The pin–pen merger occurs in certain areas, by which [ɛ] is raised to [ɪ] before nasal stops, making pairs like pen/pin homophonous. This merger originated in, and is mostly associated with, Southern American English but is now also sometimes found in parts of the Midwest and West as well, especially in people with roots in the mountainous areas of the Southeastern United States.
The vowel /ɪ/ in unstressed syllables generally merges with /ə/ (weak-vowel merger), so roses is pronounced like Rosa's.
Some mergers found in most varieties of both American and British English include:
Horse–hoarse merger, making the vowels /ɔ/ and /o/ before 'r' homophones, with homophonous pairs like horse/hoarse, corps/core, for/four, morning/mourning, war/wore, etc. homophones.

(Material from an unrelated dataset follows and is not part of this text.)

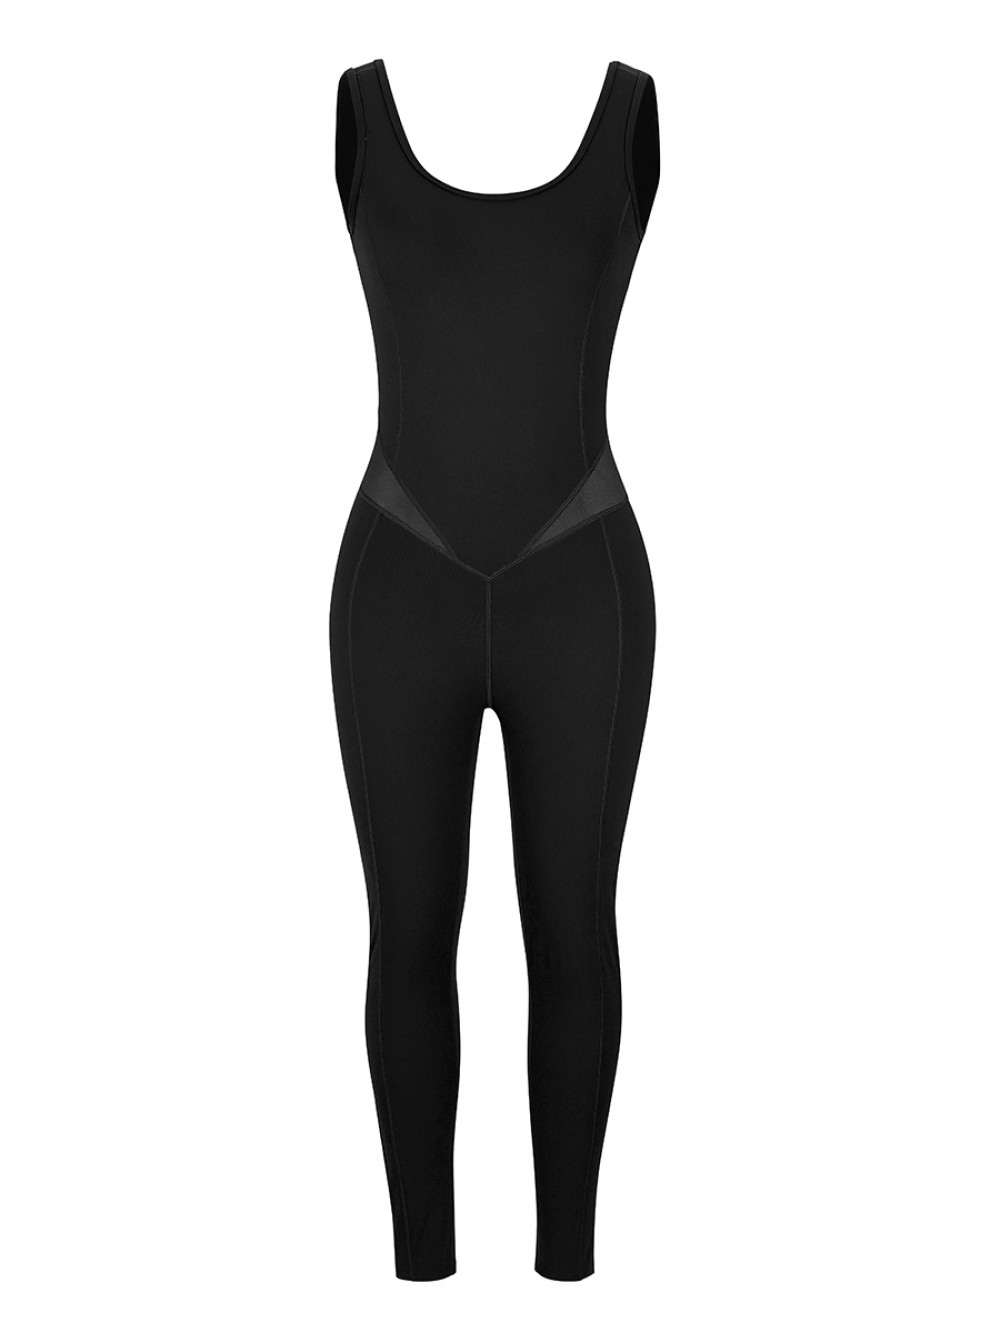 Black Running Bodysuit Wide Strap Ankle Length Exercise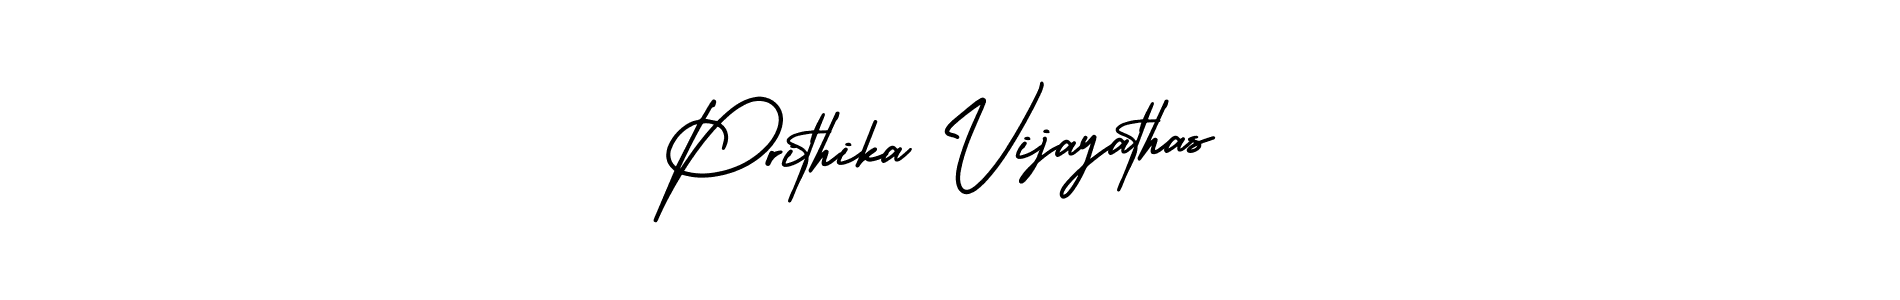 How to Draw Prithika Vijayathas signature style? AmerikaSignatureDemo-Regular is a latest design signature styles for name Prithika Vijayathas. Prithika Vijayathas signature style 3 images and pictures png

Wine–whine merger, making pairs like wine/whine, wet/whet, Wales/whales, wear/where, etc. homophones, in most cases eliminating /ʍ/, the voiceless labiovelar fricative. Many older varieties of southern and western American English still keep these distinct, but the merger appears to be spreading.
Vocabulary[edit]
|
This section needs additional citations for verification. Please help improve this article by adding citations to reliable sources. Unsourced material may be challenged and removed. (June 2009) (Learn how and when to remove this template message)
|
North America has given the English lexicon many thousands of words, meanings, and phrases. Several thousand are now used in English as spoken internationally.